В 33 года Ганеман уже 10 лет практикует, женат, счастлив и имеет пятерых детей (а всего их будет десять). Как все

это отличает его от Парацельса!.. К его энциклопедическим знаниям прибавляется знание аптекарского дела и фармацевтики.

И, наконец, прекрасное знание химии, где он уже был автором ряда собственных оригинальных работ для промышленности

и судебного дела, позволяет ему сделать несколько блестящих переводов лучших химиков и врачей того времени.

Причем в своих переводах «он не ограничивается только механической передачей известных сочинений, но снабжает

их примечаниями, исправляет неточности и заблуждения, обнаруживая во многих случаях более ясный взгляд на вещи,

чем у автора» [6.3]. 

Вот отзыв о его переводе с французского Демаши, одного из первых химиков того времени, члена парижской и берлинской

академий. «Когда Демаши замечает, что ему неизвестно ни одно сочинение об обугливании торфа, Ганеман приводит

шесть таких сочинений. Демаши только упоминает об одной очень редкой итальянской книге, Ганеман сообщает о

ней подробности... Демаши только упоминает о «знаменитом немецком враче», а Ганеман уже знает его фамилию, сочинение

и даже то место, на которое сделана ссылка. Там, где Демаши касается какого-нибудь изобретения, Ганеман подробно

излагает историю последнего... Ганеман исправляет заблуждение Демаши относительно червления, равно как и

Струве о гравировании. Много советов дает каменщикам, гончарам... Ему в точности известно появление химической

продукции в других странах, ее приготовление. Так, он поправляет Демаши относительно квасцов в России, Швеции,

Германии, Италии. Подробно говорит о каменном угле и коксе в Англии и в окрестностях Саарбрюккена...» [6.12,13].

Однако основным для Ганемана по-прежнему остается врачебная практика. И вместе с тем, чем больше он практикует,

тем больше убеждается в ограниченности и откровенном убожестве медицины. Несмотря на то что вся флора Европы 

была уже полностью обследована, а химия заявила о себе в полный голос, свойства лекарственных растений попрежнему

никто не знал. Лекарства испытывали на животных, «примешивая их к выпущенной из жилы крови и затем

вновь впрыскивая в кровеносные сосуды животного». Как будет действовать такое лекарство на человека, никто не знал.

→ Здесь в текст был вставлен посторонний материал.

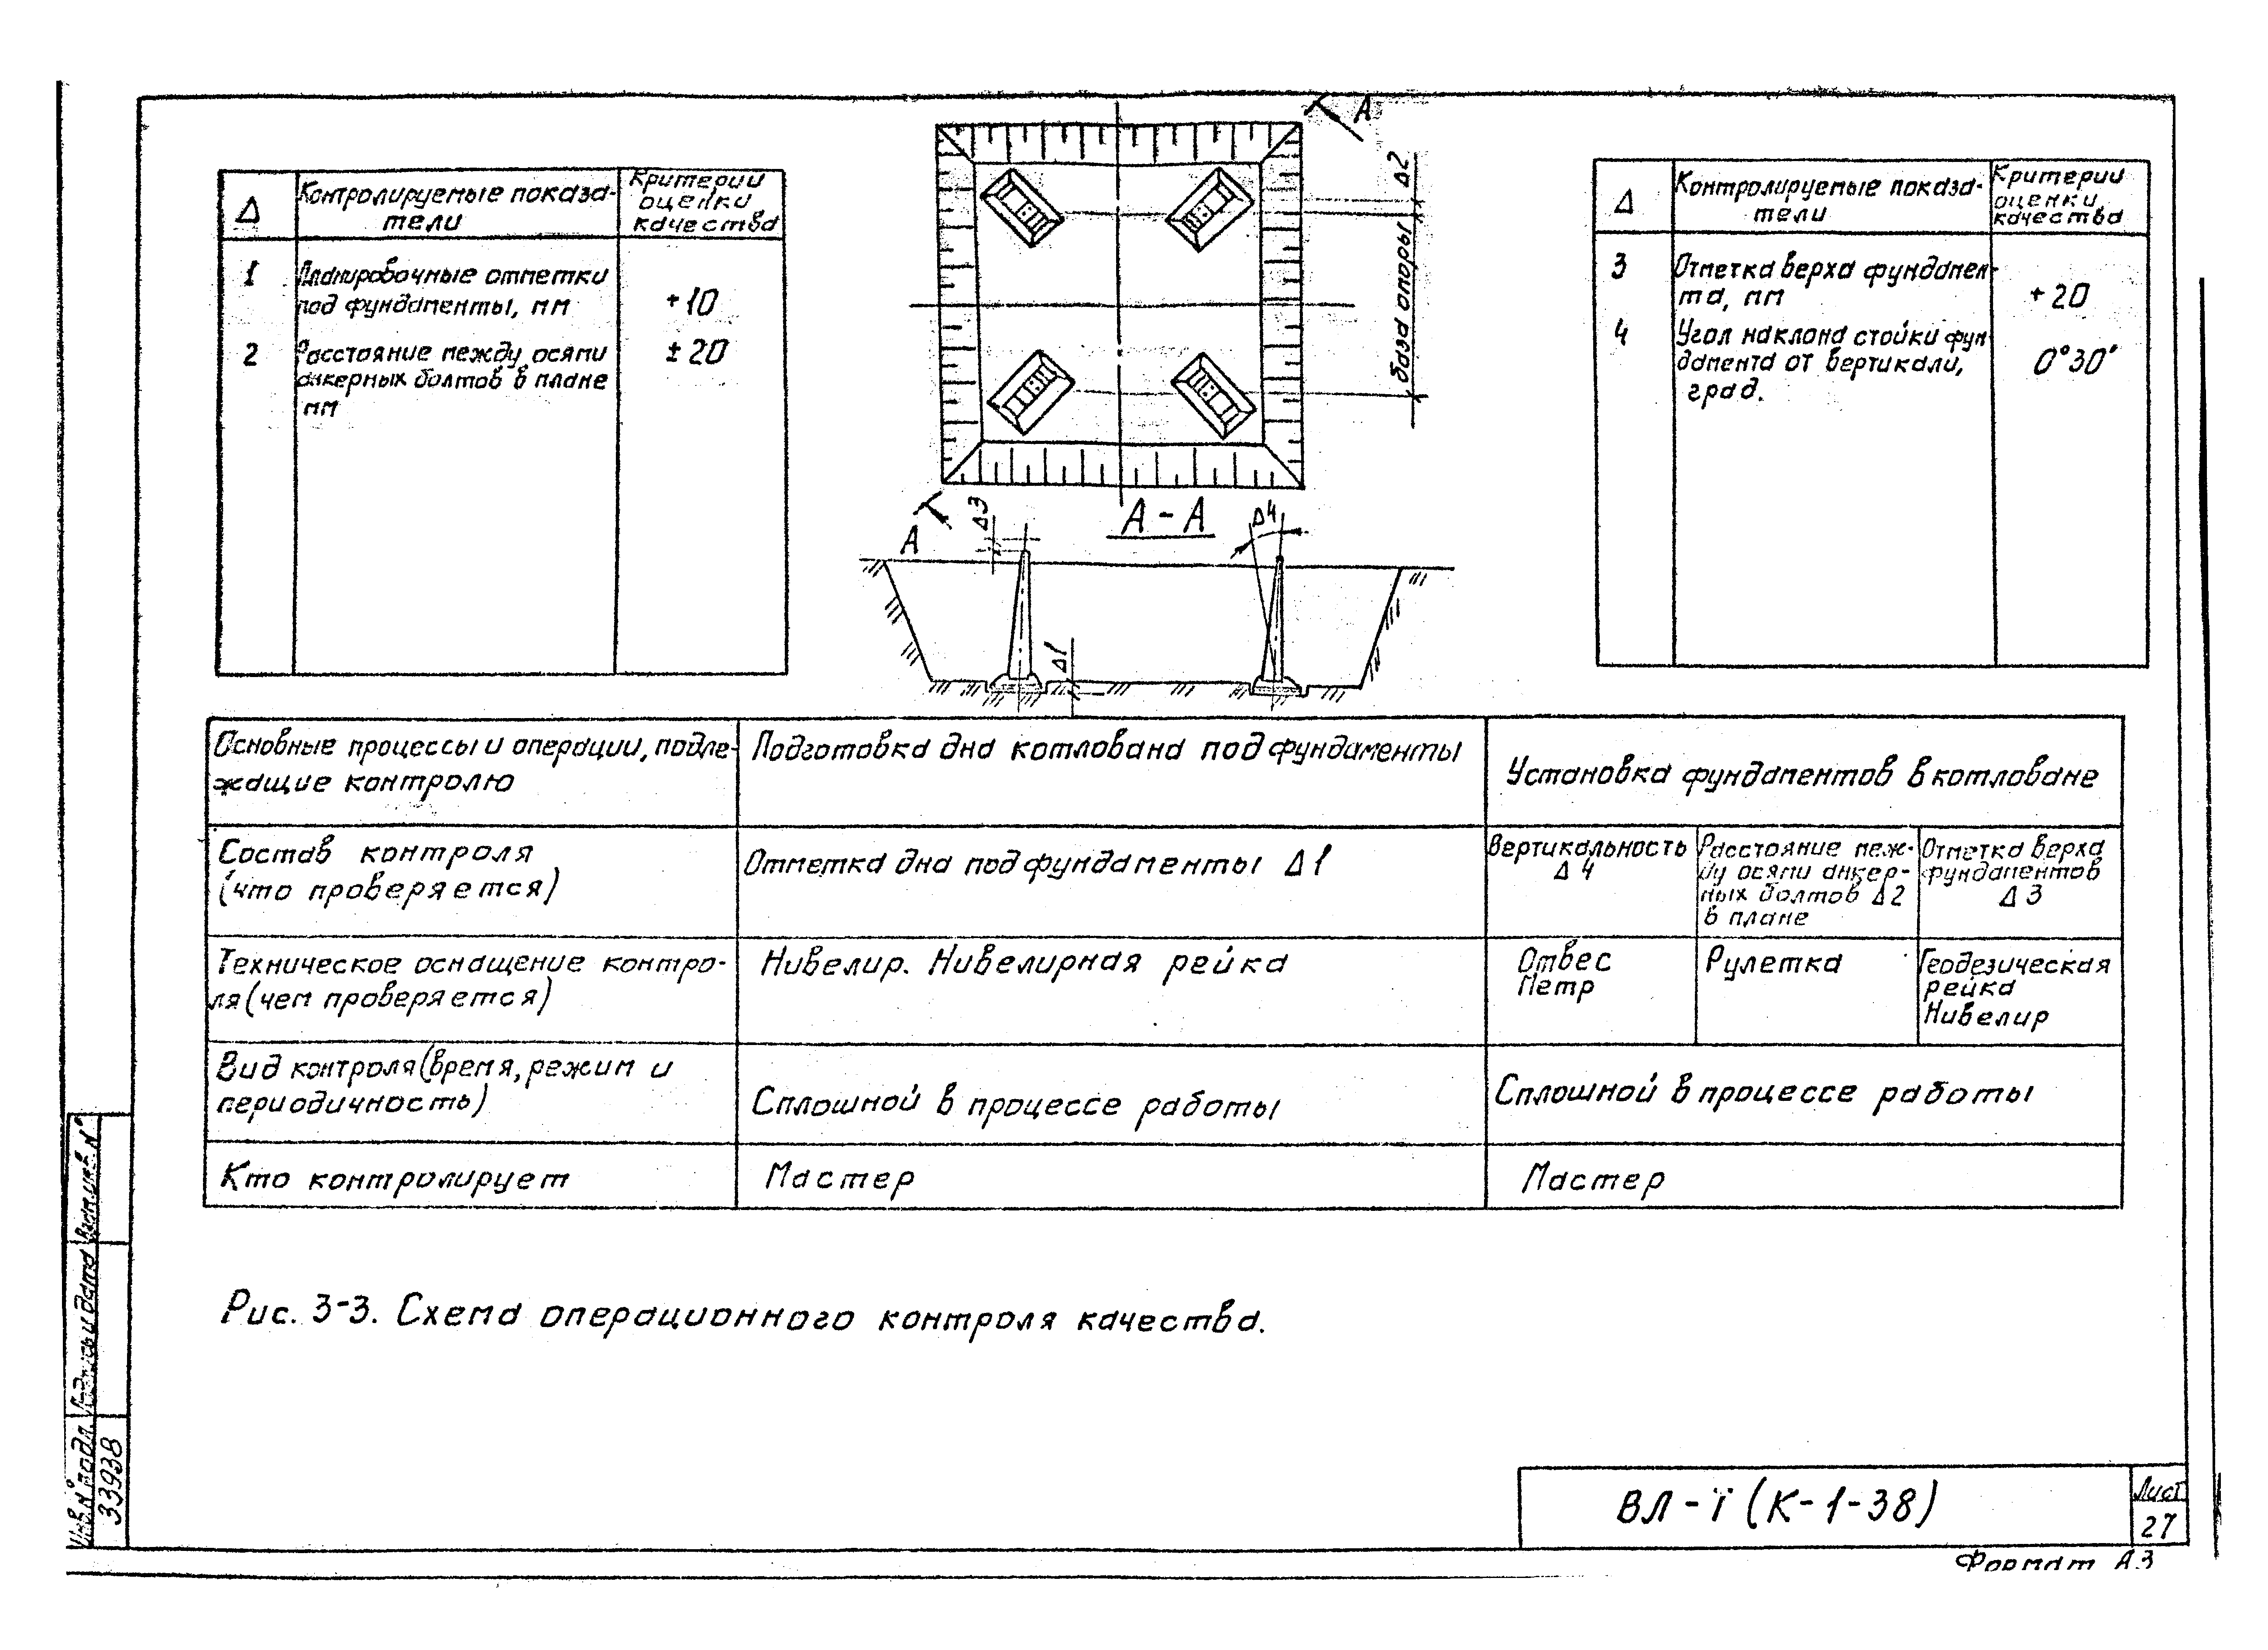 Технологическая карта К-1-38-3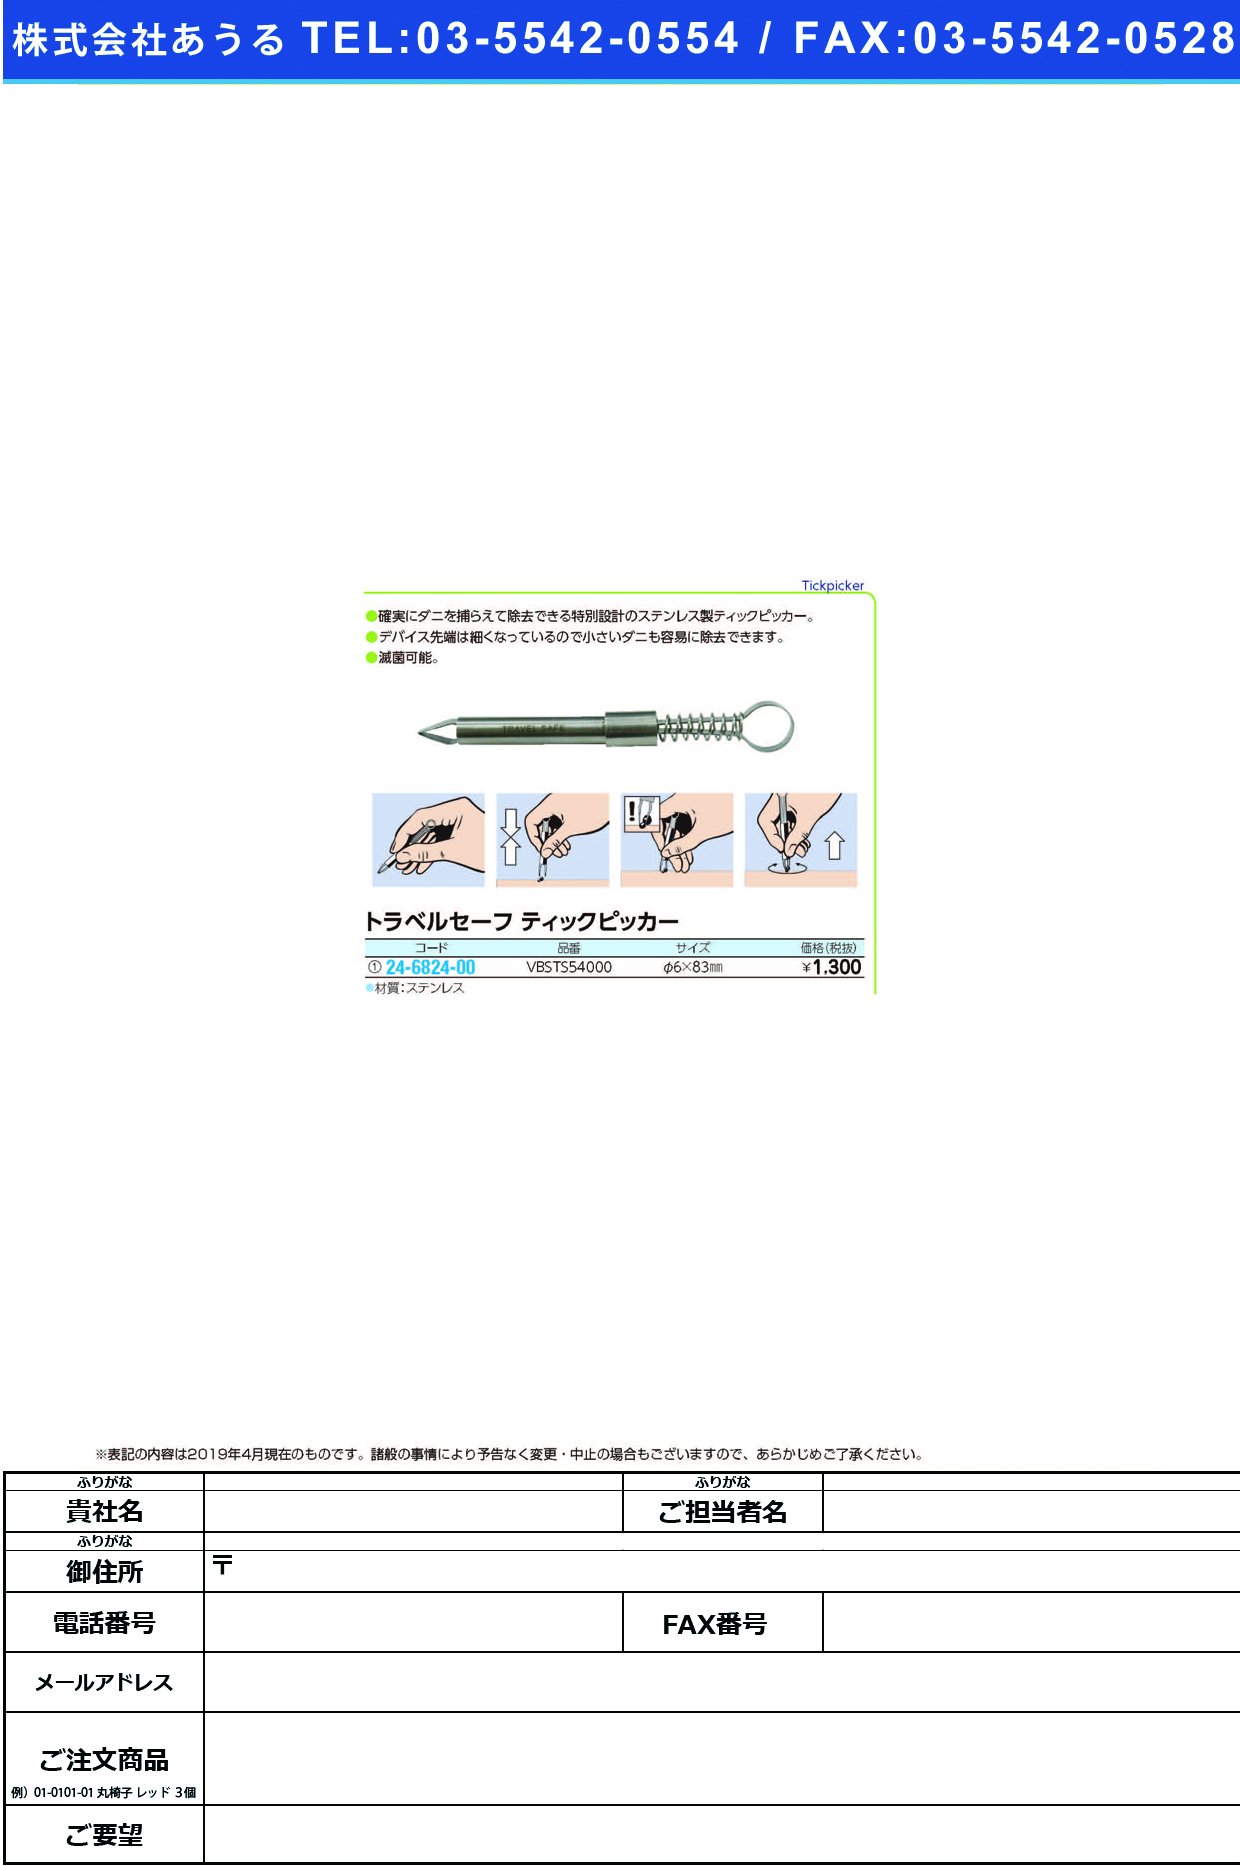 (24-6824-00)ティックピッカー VBSTS54000(ｹｲ6X83MM) ﾃｨｯｸﾋﾟｯｶｰ【1個単位】【2019年カタログ商品】

Незнание свойств лекарств, как и во времена Галена, старались компенсировать смешением большого числа составляющих

в одном рецепте. Каждый такой «порядочный рецепт» должен был включать в себя средства: основное, вспомогательное,

исправляющее, направляющее, форму дающее и так далее и тому подобное. Знаменитая еще со средних веков

пропись Териакум (Theriakum) состояла из 66 средств. А то, что среди них сплошь и рядом оказывались средства абсолютно

разной направленности, никого не удивляло. Важно, что врачи выписывали, аптекари делали, и, чем больше было

составляющих, тем дороже стоило лекарство. А если учесть, что при хронических болезнях рецепты менялись каждые два-три

дня, при острых — по нескольку раз в день, то какое «раздолье» царило в аптекарском деле! «Какое невероятно

большое количество лекарств вливали в больное тело! В этом отношении различные медицинские системы превосходили

одна другую» [6.55].

И тем не менее результаты оставались плачевными. Чтобы найти выход из положения, пытались обращаться к заветам

древних: с целью отвлечь дурные соки и очистить организм от «болезненного вещества» делали искусственные надрезы

и, постоянно раздражая их, обращали эти надрезы в застарелые язвы (заволоки, фонтанели). Предполагалось, что

таким образом открывали выход через эти гниющие поверхности для «болезненного вещества». Затем, вспоминая наблюдения

древних, что болезнь легче переносится, если сопровождается обильной рвотой, выделением пота, мочи и

кровотечениями, старательно выискивали в больном организме всевозможные «сгущения», «завалы», «застои» и, действуя

по принципу «противоположного», тут же уничтожали их, как если бы все это было не следствием болезни, а ее первопричиной. 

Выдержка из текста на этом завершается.